Deploying Redis with the ELK Stack
In a previous post, I explained the role Apache Kafka plays in production-grade ELK deployments, as a message broker and a transport layer deployed in front of Logstash. As I mentioned in that piece, Redis is another common option. I recently found out that it is even more popular than Kafka! More on the subject:
Known for its flexibility, performance and wide language support, Redis is used both as a database and cache but also as a message broker. For ELK-based data pipelines, Redis can be placed between Beats and Logstash, as a buffering layer, giving downstream components better chances of processing and indexing the data successfully.

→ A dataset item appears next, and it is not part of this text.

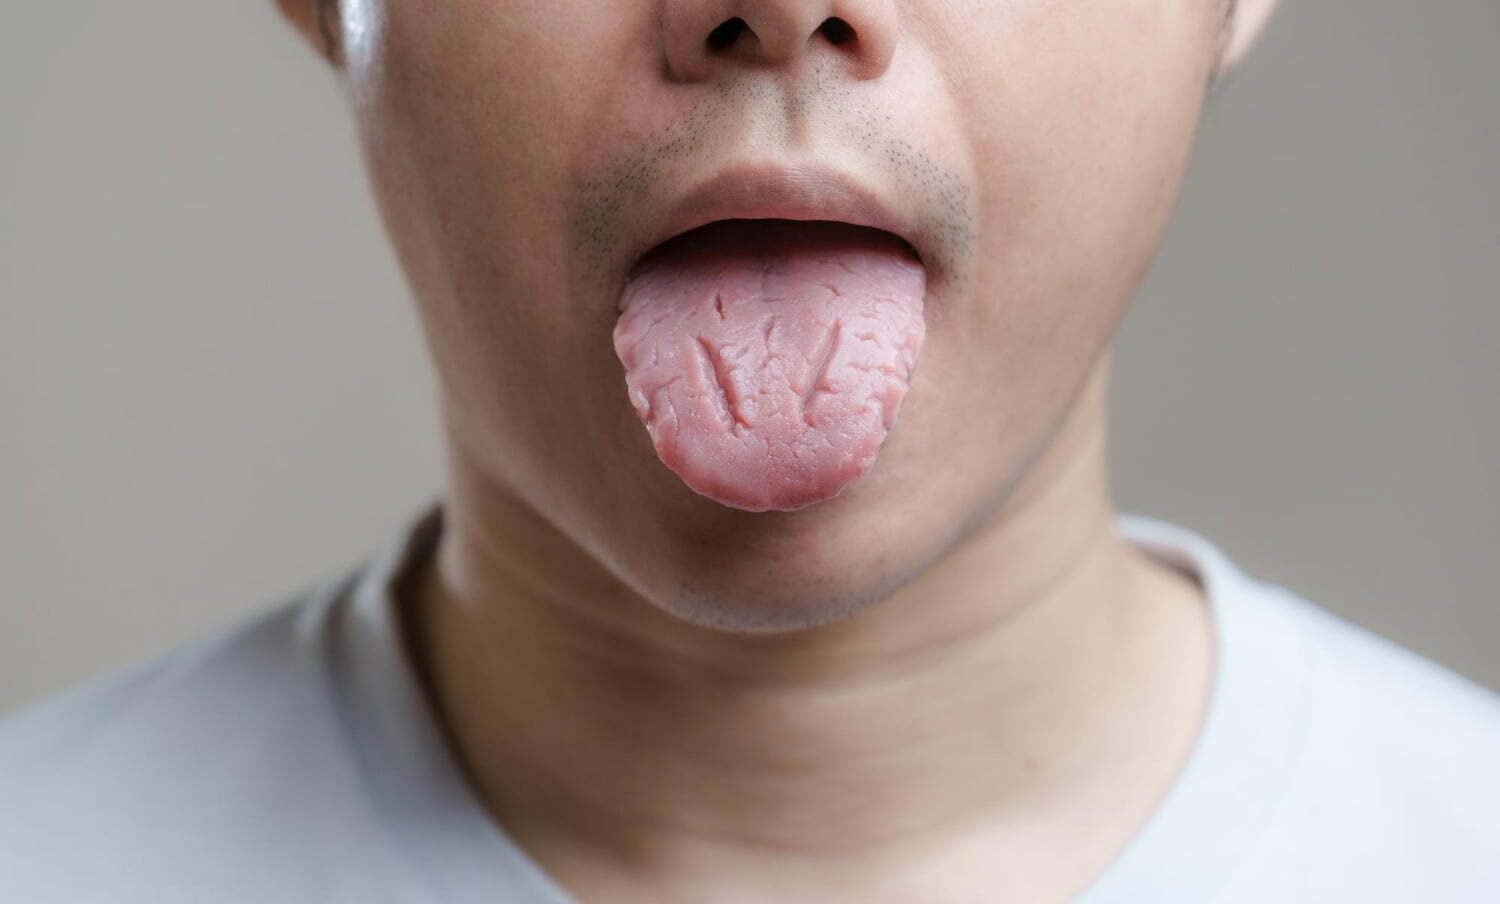 fisuras en la lengua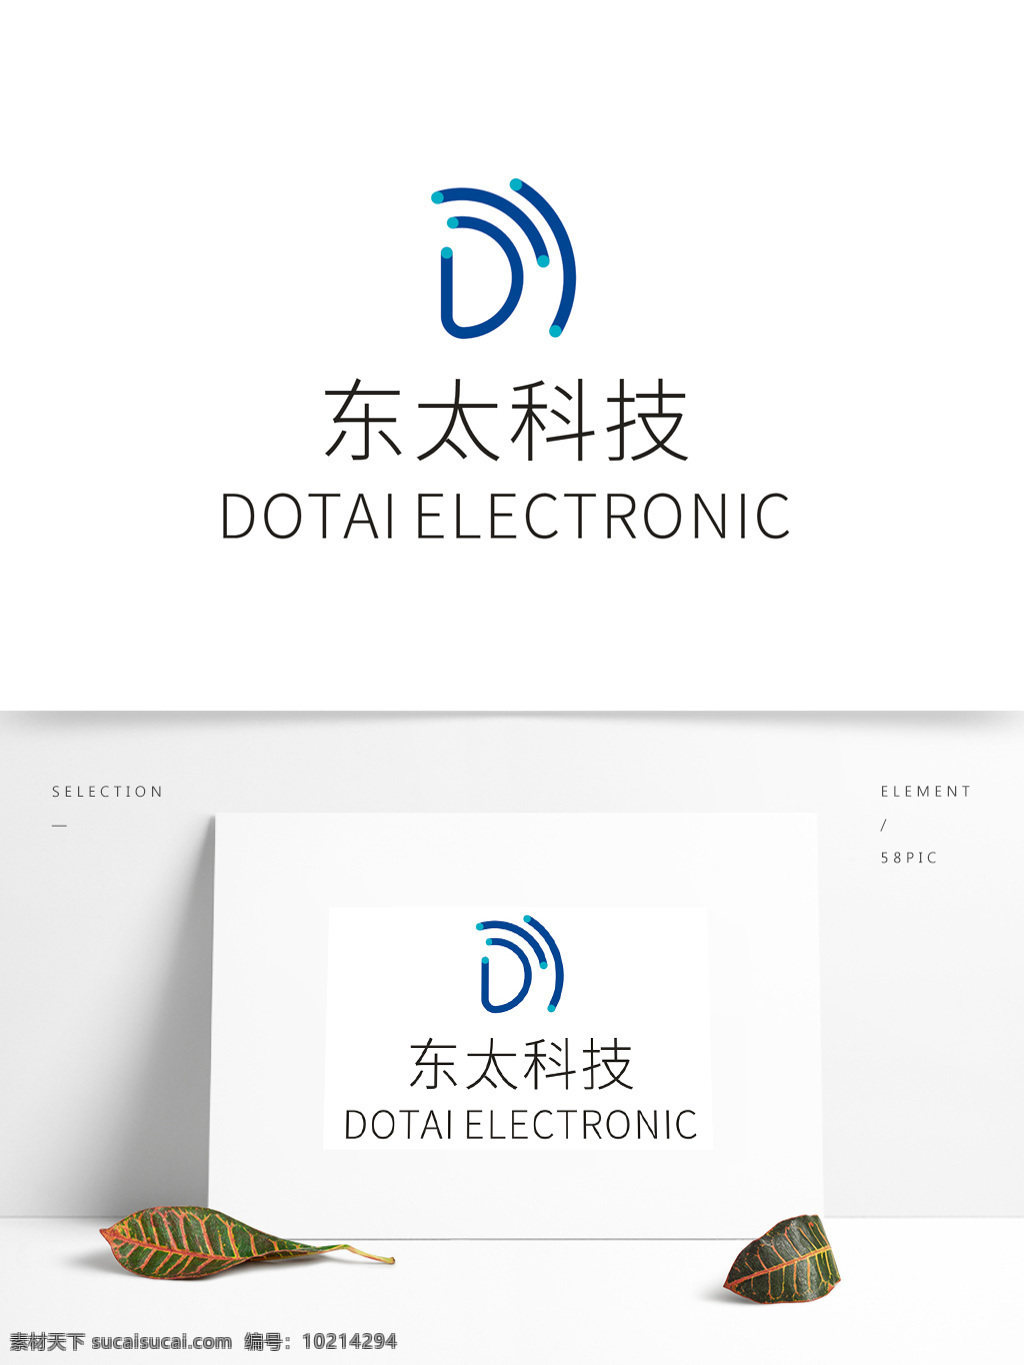 东太 电子 科技 logo 标志 电工 电路板 电路线 集成电路 简约 蓝色标志 科技公司 电器logo 电子电器 电器公司

In this article, I’ll show how to deploy all the components required to set up a data pipeline using the ELK Stack and Redis:
- Filebeat – to collect logs and forward them to Redis
- Redis – to brokers the data flow and queue it
- Logstash – to subscribe to Redis, process the data and ship it to Elasticsearch
- Elasticsearch – to index and store the data
- Kibana – to analyze the data.
My setup
I installed all the pipeline components on a single Ubuntu 18.04 machine on Amazon EC2 using local storage. Of course, in real-life scenarios, you will probably have some or all of these components installed on separate machines.
I started the instance in the public subnet of a VPC and then set up a security group to enable access from anywhere using SSH and TCP 5601 (for Kibana). Finally, I added a new elastic IP address and associated it with the running instance.
The example logs used for the tutorial are Apache access logs.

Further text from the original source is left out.